Больше идти было некуда, и в этом была своя правда. Веселов со своей папкой никуда не денется, папка будет толстеть, но не завтра перевесит. А завтра эскадрилье лететь на том, что за ночь сумеют привести в порядок. Здесь, у машин, от меня требовались не объяснения, а исправный мотор; с этим языком я умел обращаться лучше.
Ночью я не пошёл к себе. До рассвета оставалось часа четыре — те самые часы, в которые обычно и делается всё, что потом спасает или не спасает. Новое поле стояло глухое, беззвёздное, пахло бензином, палёным и остывающим железом. Стоянка не спала: где-то стучали по металлу, где-то, чертыхаясь вполголоса, снимали с машины мотор; переносные лампы бросали жёлтые пятна, в которых копошились люди. Из двух десятков машин, которые успели собрать под Гришина при отходе, на ходу оставалась горстка, и каждую из этой горстки надо было к утру либо поднять, либо честно признать негодной.

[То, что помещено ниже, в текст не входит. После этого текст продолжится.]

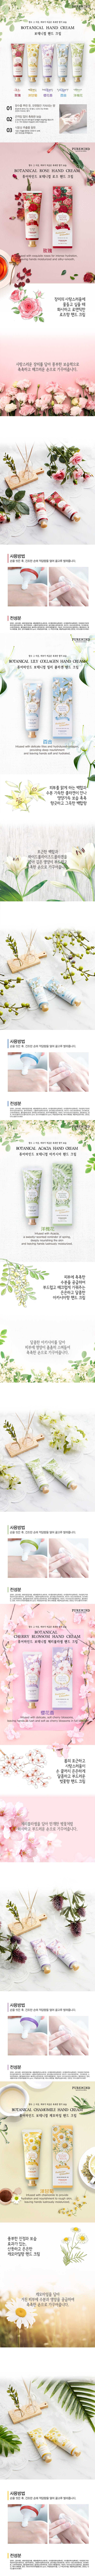 韓國 香氛 護手霜 手部保養 韓國 護手霜

Лунин был у второй машины — снял капот, стоял, смотрел в мотор, как смотрят в лицо больному. Я подошёл и стал рядом, и какое-то время мы просто смотрели вместе.

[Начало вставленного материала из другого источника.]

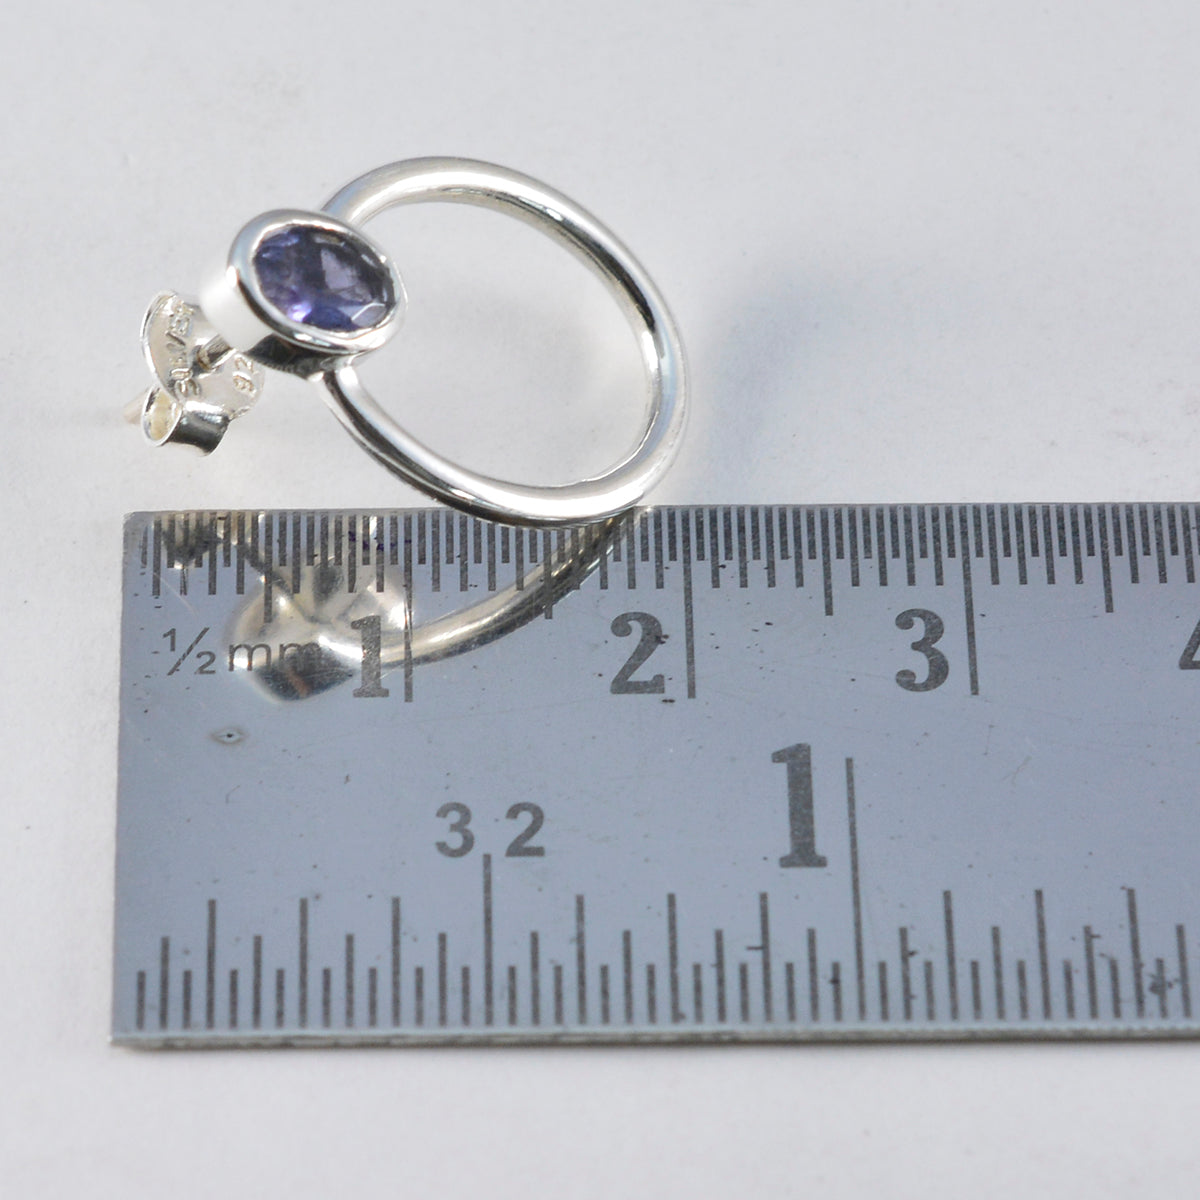 Riyo Beauteous 925 Sterling Silver Earring For Demoiselle Iolite Earring Bezel Setting Blue Earring Stud Earring

Мотор был плох. Не убит — плох: подтекал по стыку, на жестяном поддоне лежали вывернутые свечи в чёрном нагаре, а по неровному сопротивлению, когда Лунин проворачивал винт, цилиндры держали неодинаково. Такой мотор ещё поднимал машину — и в этом была беда: то, что пока бегает, гоняют, пока не встанет. Встаёт оно всегда не вовремя — на взлёте, на выходе из атаки, над чужой территорией.
— Отказы. — Я дождался, пока винт остановится. — На последних вылетах сколько машин вернулось не по бою? Само сдохло?

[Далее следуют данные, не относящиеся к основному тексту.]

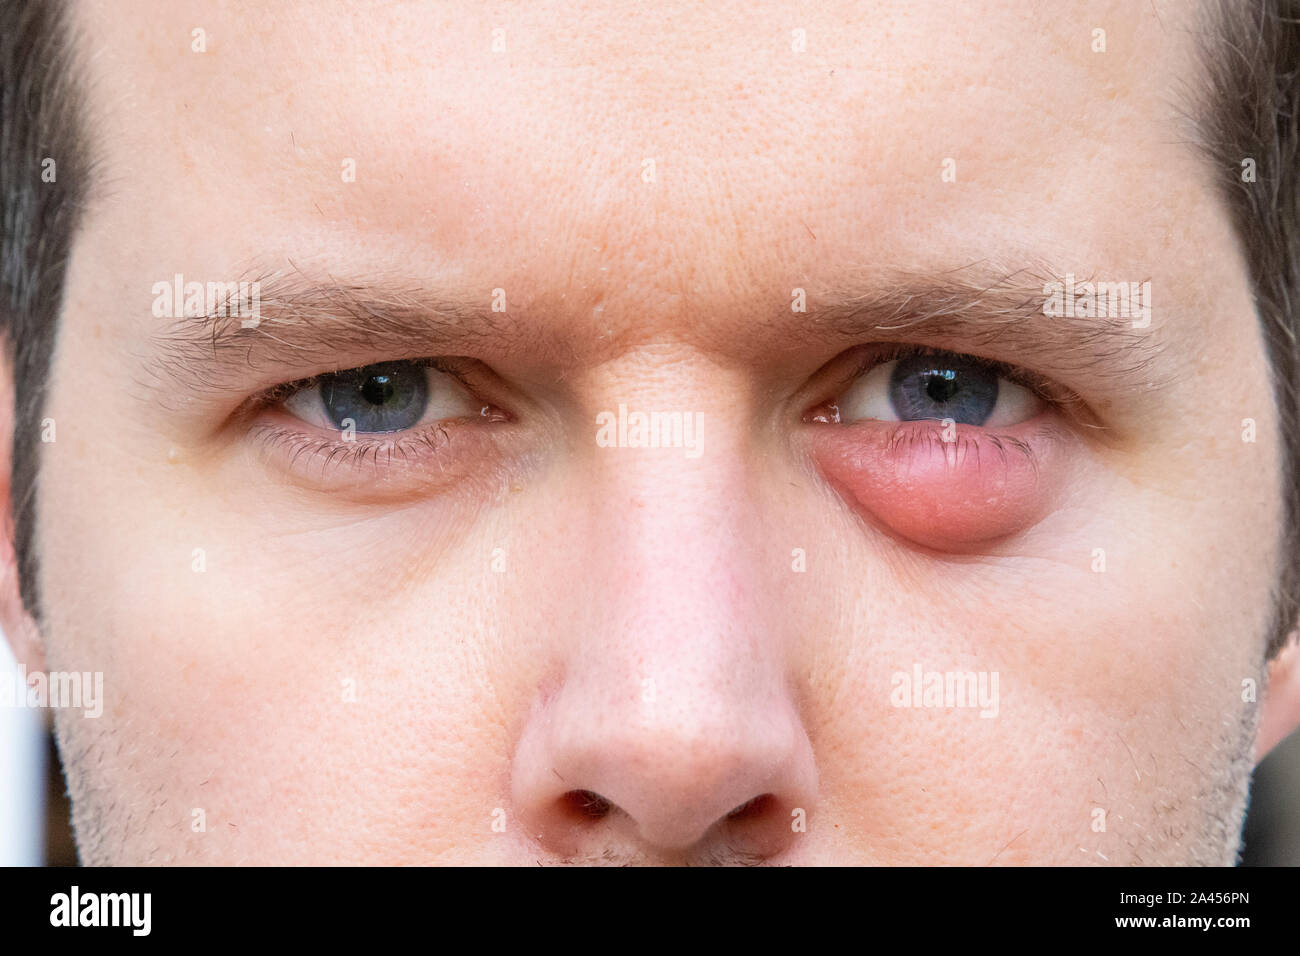 Un uomo con una palpebra gonfia a causa di una infezione. Foto Stock

— Три. — Лунин не обернулся. — Одна — свечи, одна — бензонасос, одна — трос руля перетёрся у ролика. Лопнул бы на взлёте или в бою — ногой машину уже не удержишь. Хорошо, заметили на пробеге.
— А почему заметили на пробеге, а не до?
Вот теперь руки его в моторе остановились. Он вытер их ветошью — хотя они были чистые, — и только тогда обернулся.
— Потому что до — некогда. Ты пойми, товарищ младший лейтенант. Машин мало, вылетов много, людей у меня — старик с той сожжённой машины да двое мальчишек, которые полгода как от станка. Мы латаем то, что видно, и гоняем в воздух то, что бегает. На большее рук нет.
— Рук нет, — согласился я. — А регламент есть?
Он не ответил. Честного «есть» у него не было, а соврать он не умел.
Этот разговор в авиации старше нас обоих. Регламент у полка был: карты осмотров, сроки работ, подписи техников. Двадцать второго часть машин как раз стояла разобранной на плановом обслуживании. Теперь карты ехали неизвестно в какой полуторке, часы налёта никто не успевал сводить, а Лунин выбирал работу по тому, откуда сильнее текло. Я не собирался изобретать технику сорок первого года для людей, знавших её лучше меня. Я мог дать другое: короткий обязательный минимум, который не тонет в общей очереди, и след, по которому видно, что уже проверено, а что только обещали проверить.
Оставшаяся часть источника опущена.